After lunch, the plant foreman spoke to us. 'We have begun production of prototype. Would you like to observe?' He sounded a lot like the design chief, and I suspected that the latter was merely a subsystem of the former.
Would like to observe, yes.
We all boarded another robocart and swung out into the plant.
The place had come to life. We rode for an hour through the throbbing heart of technological wizardry. What had been hulks of dead machinery now flashed and sparked, whirred and hummed, chimed and beeped and thrummed and sang, while pink and violet electrical discharges leaped between giant coils, translucent tubing glowed and pulsed, luminescent motes swam inside huge transparent spheres, and veils of energy fluttered in the air overhead like aurora] displays. 'Goddamn Frankenstein movie,' was Carl's reaction.

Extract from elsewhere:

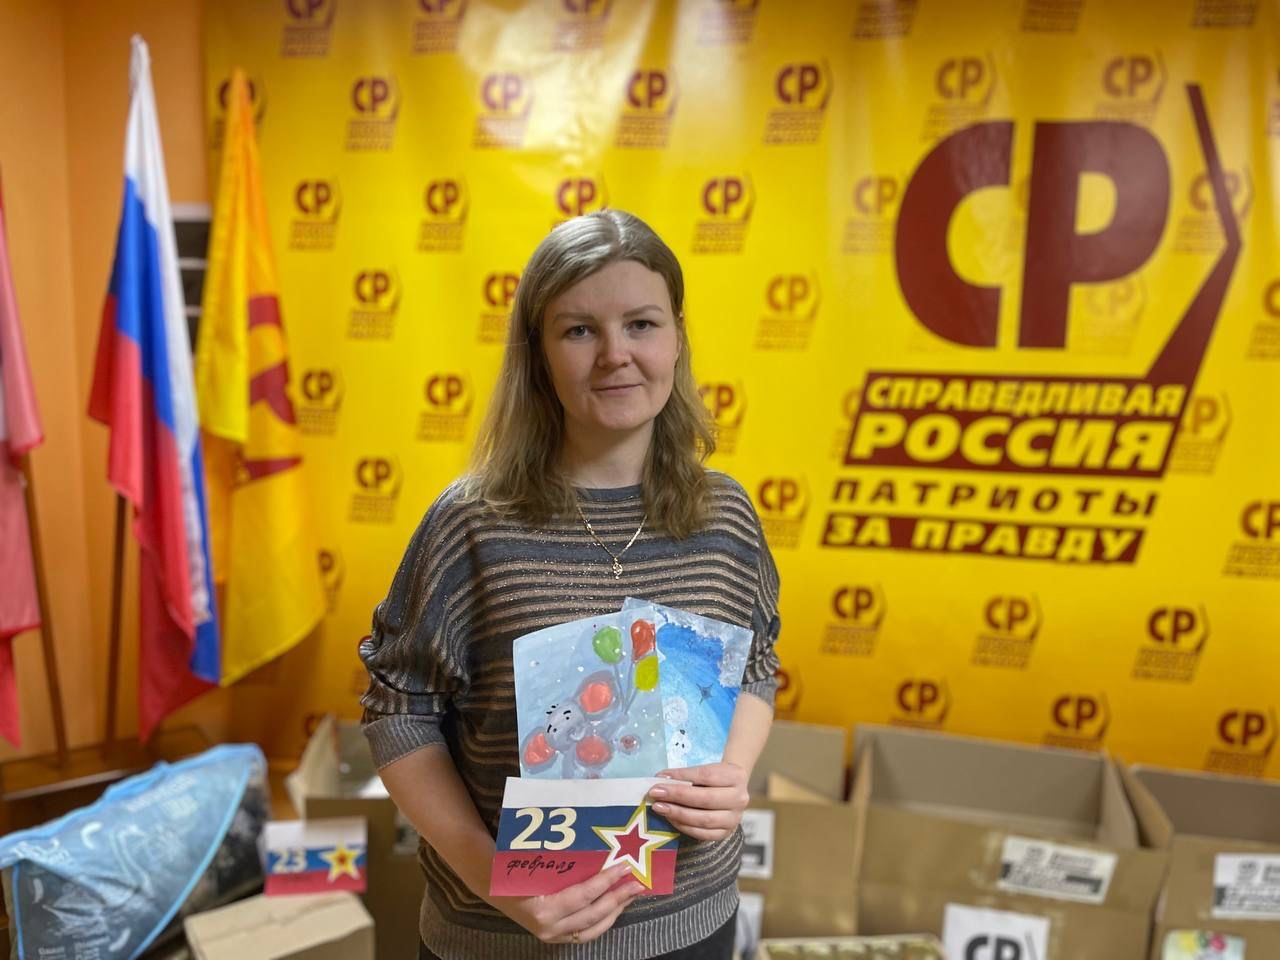 Омские эсеры собрали подарки для бойцов СВО #Омск #Общество #Сегодня

At last we came to a large, quiet empty chamber. We got off and waited. Before long, the far wall retracted, and two robots hauled the prototype out onto the showroom floor.
It was Carl's 1957 Chevrolet Impala, chrome glinting in the track lighting, a lambent sheen soft upon its coat of candy-apple red, metal-flake paint.
'My car!' Carl shouted ecstatically, throwing open the driver's door and hopping in. He sniffed. 'Hey, they got that new car smell just right!'
'Satisfactory?' the plant foreman asked hopefully.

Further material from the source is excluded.